What you should do: In the records below, the relevant part opens with the line containing "(24-4226-00)電子カルテラック RAC-HP9SCN ﾃﾞﾝｼｶﾙﾃﾗｯｸ【1台単位】【2019年カタログ商品】" and closes with the line containing "ITT manual ITT"; print that part exactly and only, without its pictures.

Provided entries:
§

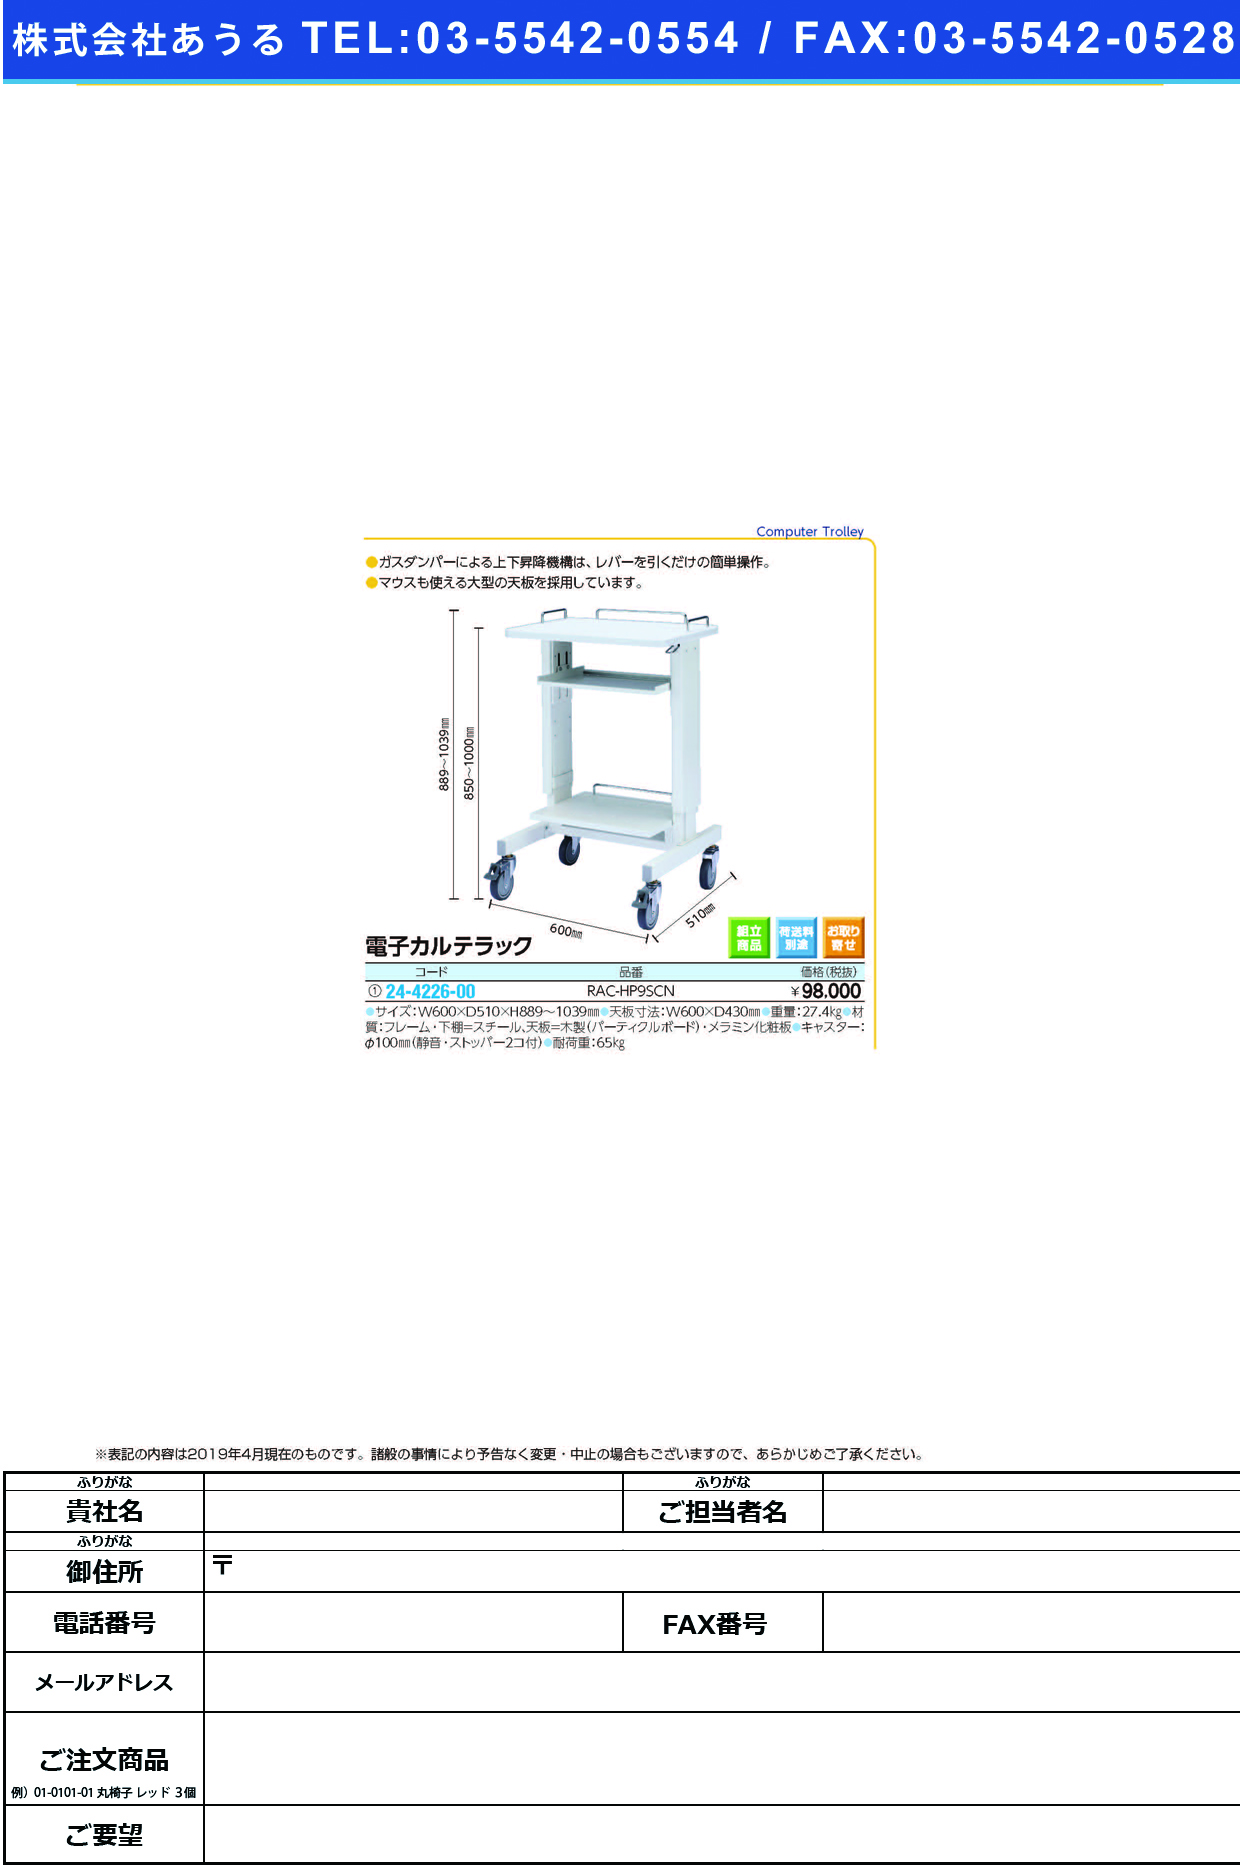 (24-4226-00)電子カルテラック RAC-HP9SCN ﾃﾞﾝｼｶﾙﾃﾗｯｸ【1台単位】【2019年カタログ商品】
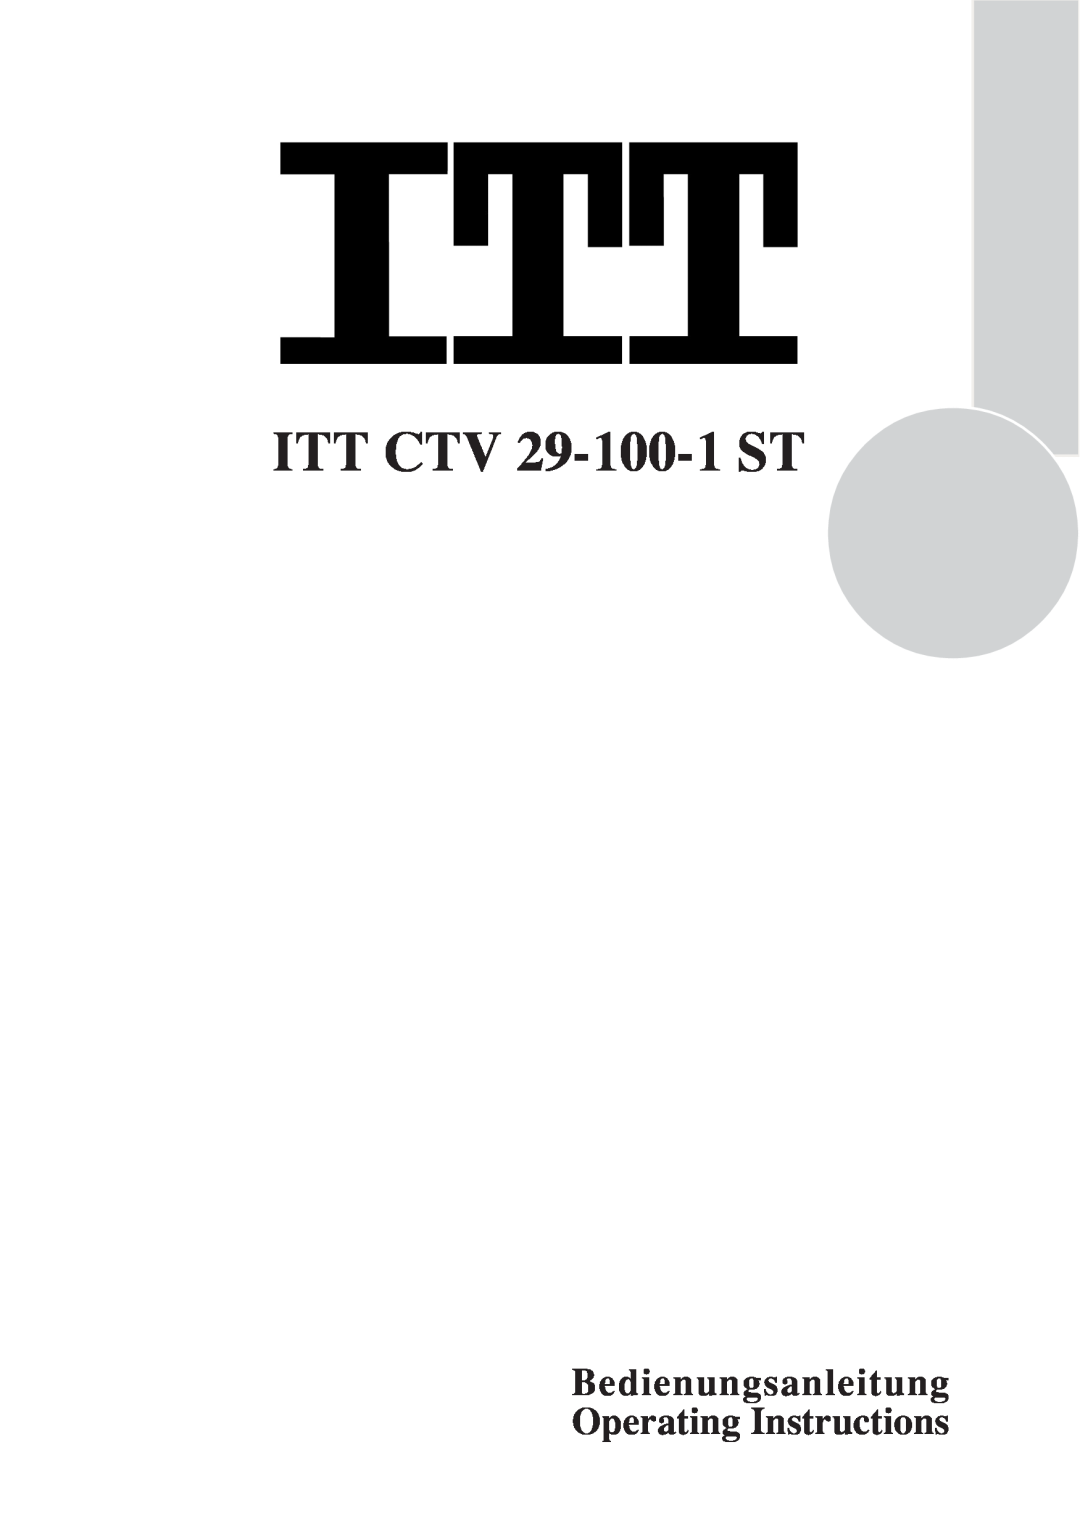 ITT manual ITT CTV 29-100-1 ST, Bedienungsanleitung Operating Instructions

§

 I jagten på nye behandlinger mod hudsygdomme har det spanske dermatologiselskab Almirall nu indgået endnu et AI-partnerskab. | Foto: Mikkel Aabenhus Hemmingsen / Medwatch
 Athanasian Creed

§

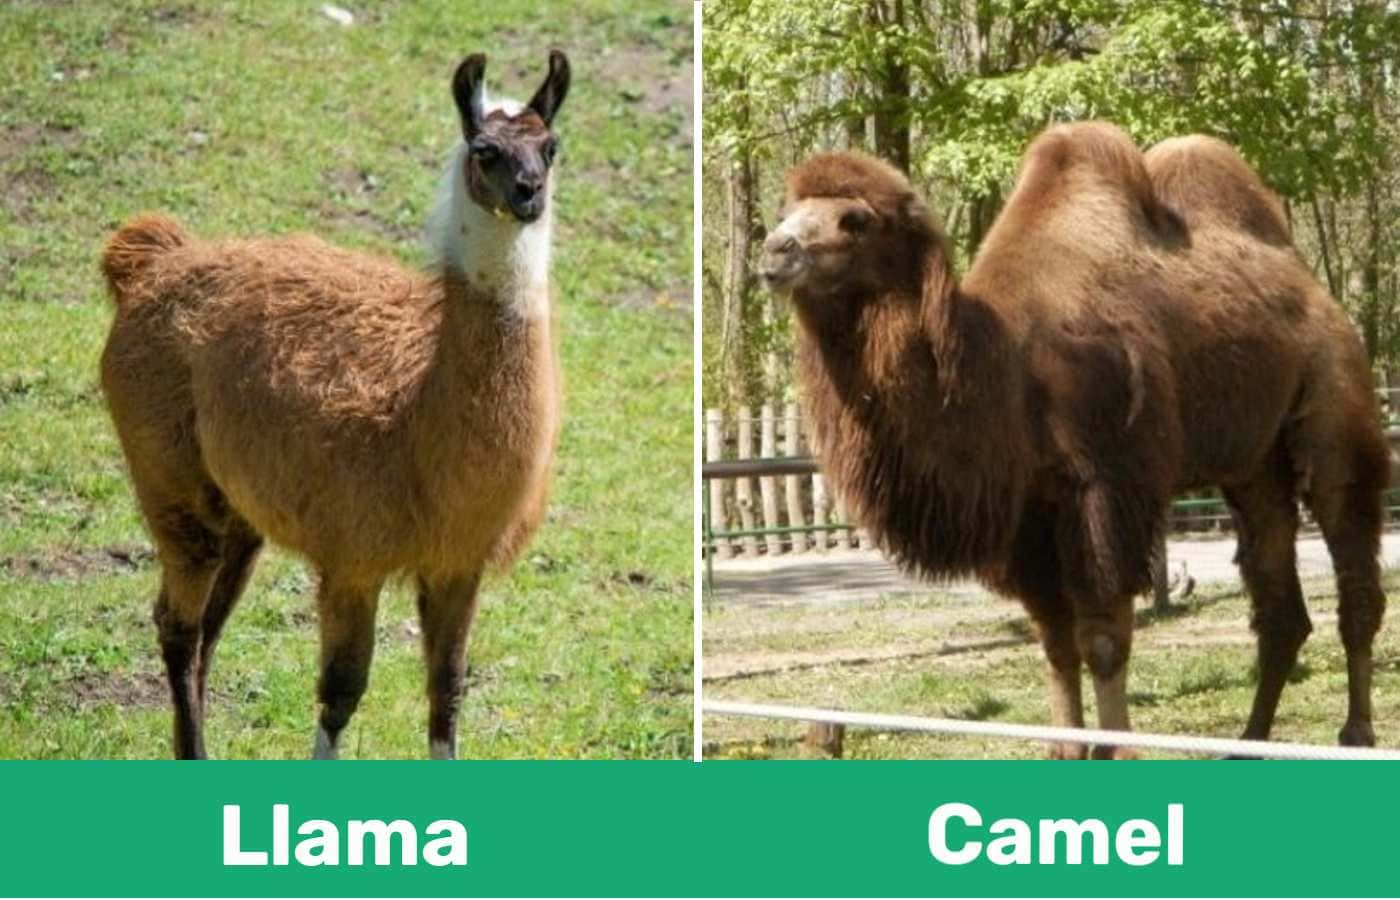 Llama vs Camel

§

Result:
 (24-4226-00)電子カルテラック RAC-HP9SCN ﾃﾞﾝｼｶﾙﾃﾗｯｸ【1台単位】【2019年カタログ商品】
 ITT manual ITT CTV 29-100-1 ST, Bedienungsanleitung Operating Instructions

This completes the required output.